A situação intermédia de Estado local de que fazem parte as autarquias imprime-lhe complexidade e características cujas especificidades interessa analisar com vista à compreensão das possibilidades da sua contribuição para uma maior cidadania e justiça social. “Por ser Estado, ordena o tecido social, mas por ser local, essa ordenação torna-se mais flexível, aberta a uma multiplicidade de novos actores e susceptível de co-ordenação. Por ser Estado, actua no sentido de uma mediação reguladora de conflitos, mas por ser local, mais facilmente esses conflitos poderão ascender ao seu interior (ou por ele serem abafados). Por ser Estado e local, um estado mais localizado, o mecanismo de dispersão das contradições que constitui é, todavia, simultaneamente contraditório e susceptível de se apresentar como uma nova plataforma de agentes e actuações, atravessada por novos tipos de consensos e conflitos” (Ruivo, 1988:19).

Como Estado o poder local é uma instituição política do conjunto social, institucionalizando processos de representatividade e concretizando diferentes representações simbólicas do poder. “As características conflituais do poder do Estado exigem que a sua acção seja analisada, simultaneamente, como agente e como obstáculo às transformações sociais, na medida em que ele próprio institucionaliza e desenvolve funções e processos contraditórios (…). O poder do Estado, na sua dimensão política e institucional, é um processo dinâmico e conflitual de representação da unidade social” (Mozzicafreddo e al.:86).

Ao contribuir para uma maior integração social o Estado local amplia o conceito de cidadania alargando os direitos sociais quando acciona políticas que visam privilegiar os grupos mais desfavorecidos. Pode-se considerar a cidadania como o conteúdo da pertença igualitária a uma comunidade política e afere-se pelos direitos e deveres que o constituem e pelas instituições a que dá azo para ser social e politicamente eficaz (Santos, 1999).

No Brasil, a Constituição Federal de 1988, e em Portugal a lei Constitucional de 1997 valorizaram o poder de decisão dos Municípios, o que proporcionou uma melhoria considerável na prestação de serviços básicos como a saúde, educação, transporte e saneamento na esfera local. No sentido de institucionalizar o poder popular, a soberania como única forma de poder legítimo, em certa medida as leis orgânicas dos Municípios também se firmam como expoente para a efectividade dos valores e princípios que constituem o conceito de cidadania.
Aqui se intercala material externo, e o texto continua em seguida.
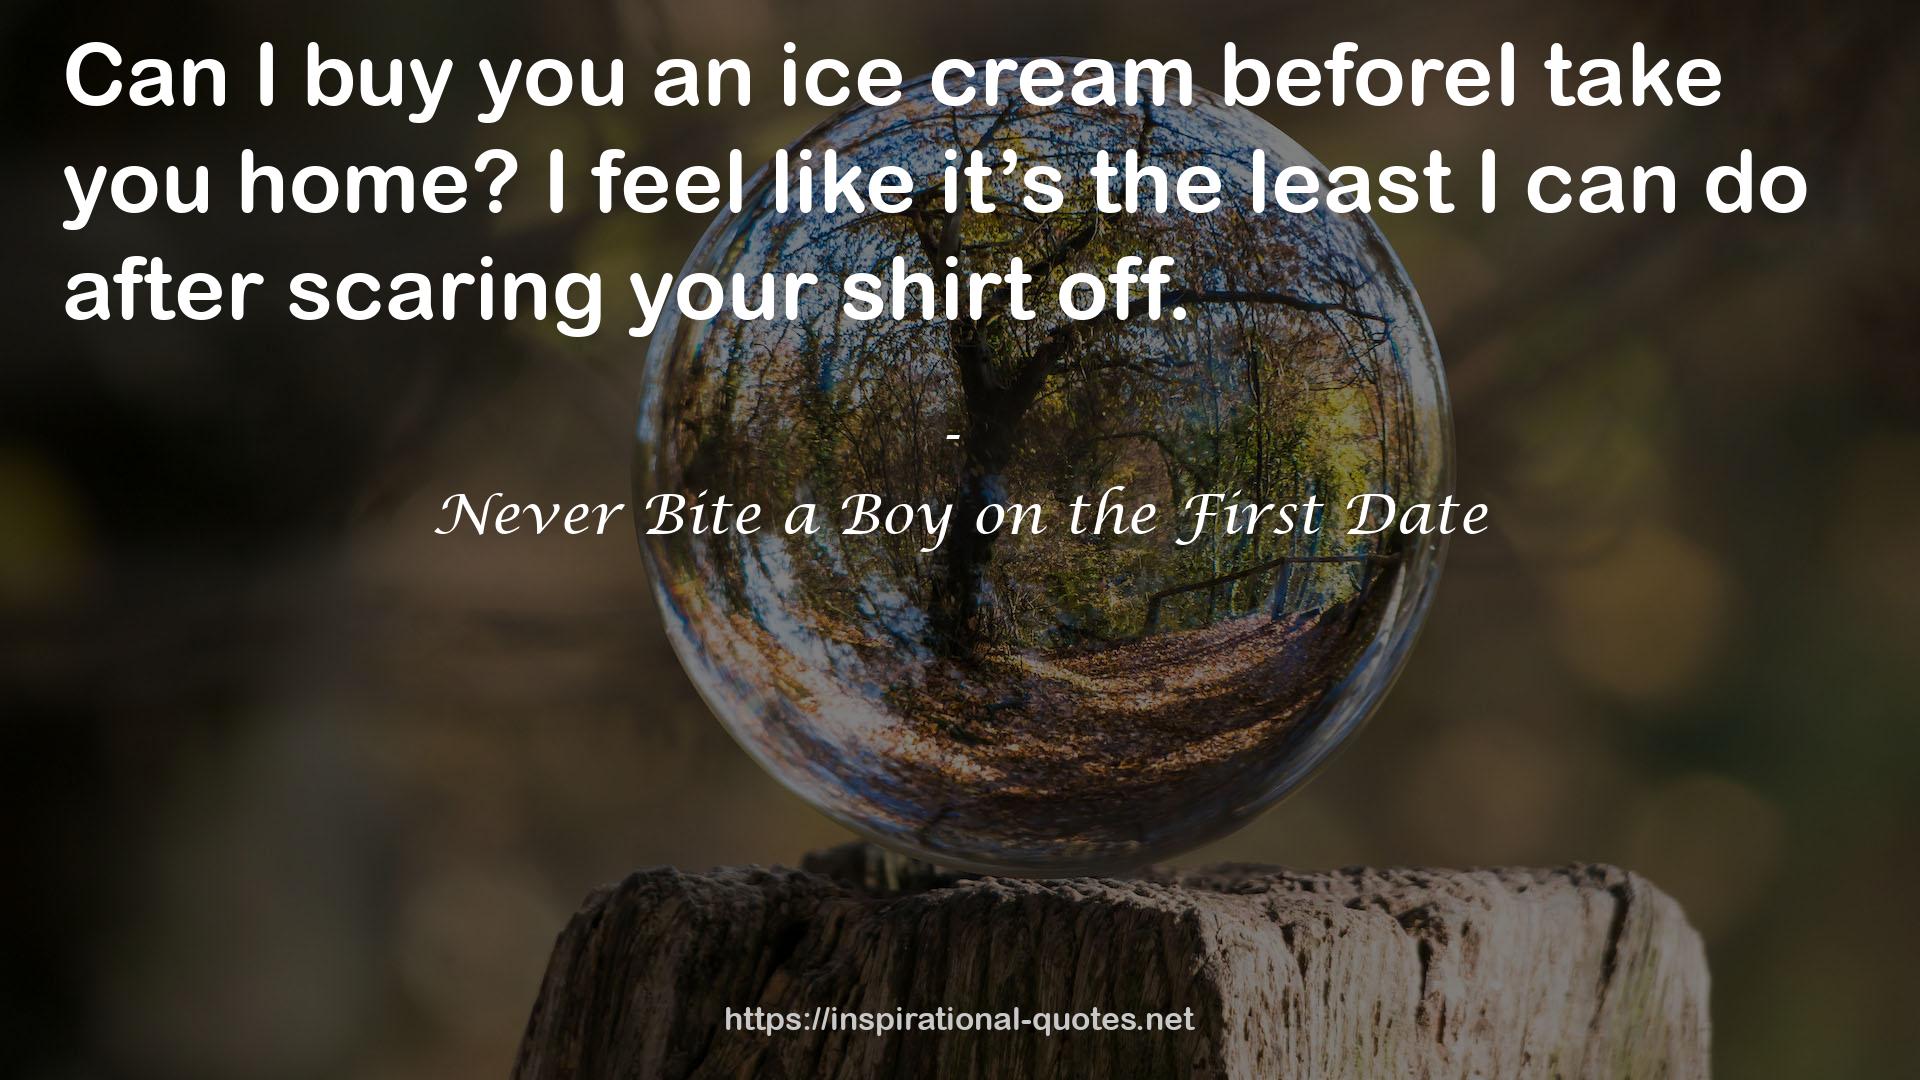 Never Bite a Boy on the First Date QUOTES

Os direitos sociais não se configuram como um direito ao exercício do poder, mas fundamentalmente como um direito à participação e à distribuição dos recursos materiais e das condições sociais que possibilitam a realização de um melhor nível de vida e propiciam a integração social. O elemento social da cidadania não se refere à capacidade de executar os direitos de cidadania, mas sim às possibilidades de atribuição de recursos e capacidades necessárias ao exercício desses direitos, que possibilitam o exercício político da cidadania por parte de indivíduos considerados estatutariamente iguais, mas que são, portadores de desiguais condições materiais e simbólicas (Mozzicafreddo, 2000).